Task brief
Each line below is to be written out in full, exactly as shown.

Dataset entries
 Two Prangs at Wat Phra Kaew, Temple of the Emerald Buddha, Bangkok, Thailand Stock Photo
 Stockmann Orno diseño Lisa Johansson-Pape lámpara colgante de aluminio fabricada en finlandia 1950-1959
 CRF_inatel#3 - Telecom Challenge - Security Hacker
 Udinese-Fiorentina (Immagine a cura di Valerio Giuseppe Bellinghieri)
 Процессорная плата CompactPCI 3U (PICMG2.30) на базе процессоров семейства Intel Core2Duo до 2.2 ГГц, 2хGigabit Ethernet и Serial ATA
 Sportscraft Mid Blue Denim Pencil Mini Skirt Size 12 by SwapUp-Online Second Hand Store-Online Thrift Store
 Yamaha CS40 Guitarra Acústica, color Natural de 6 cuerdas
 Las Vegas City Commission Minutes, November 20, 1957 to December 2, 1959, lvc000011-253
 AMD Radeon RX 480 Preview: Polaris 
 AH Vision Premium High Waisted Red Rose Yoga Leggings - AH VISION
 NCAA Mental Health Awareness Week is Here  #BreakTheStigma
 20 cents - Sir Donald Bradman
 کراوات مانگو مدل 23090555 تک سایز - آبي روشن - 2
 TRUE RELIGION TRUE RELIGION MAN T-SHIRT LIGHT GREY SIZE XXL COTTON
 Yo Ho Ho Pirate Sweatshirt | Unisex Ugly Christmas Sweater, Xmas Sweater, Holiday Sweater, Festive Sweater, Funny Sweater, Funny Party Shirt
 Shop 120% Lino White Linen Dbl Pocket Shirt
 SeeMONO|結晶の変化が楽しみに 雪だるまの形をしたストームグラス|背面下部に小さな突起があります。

Task result
 Two Prangs at Wat Phra Kaew, Temple of the Emerald Buddha, Bangkok, Thailand Stock Photo
 Stockmann Orno diseño Lisa Johansson-Pape lámpara colgante de aluminio fabricada en finlandia 1950-1959
 CRF_inatel#3 - Telecom Challenge - Security Hacker
 Udinese-Fiorentina (Immagine a cura di Valerio Giuseppe Bellinghieri)
 Процессорная плата CompactPCI 3U (PICMG2.30) на базе процессоров семейства Intel Core2Duo до 2.2 ГГц, 2хGigabit Ethernet и Serial ATA
 Sportscraft Mid Blue Denim Pencil Mini Skirt Size 12 by SwapUp-Online Second Hand Store-Online Thrift Store
 Yamaha CS40 Guitarra Acústica, color Natural de 6 cuerdas
 Las Vegas City Commission Minutes, November 20, 1957 to December 2, 1959, lvc000011-253
 AMD Radeon RX 480 Preview: Polaris 
 AH Vision Premium High Waisted Red Rose Yoga Leggings - AH VISION
 NCAA Mental Health Awareness Week is Here  #BreakTheStigma
 20 cents - Sir Donald Bradman
 کراوات مانگو مدل 23090555 تک سایز - آبي روشن - 2
 TRUE RELIGION TRUE RELIGION MAN T-SHIRT LIGHT GREY SIZE XXL COTTON
 Yo Ho Ho Pirate Sweatshirt | Unisex Ugly Christmas Sweater, Xmas Sweater, Holiday Sweater, Festive Sweater, Funny Sweater, Funny Party Shirt
 Shop 120% Lino White Linen Dbl Pocket Shirt
 SeeMONO|結晶の変化が楽しみに 雪だるまの形をしたストームグラス|背面下部に小さな突起があります。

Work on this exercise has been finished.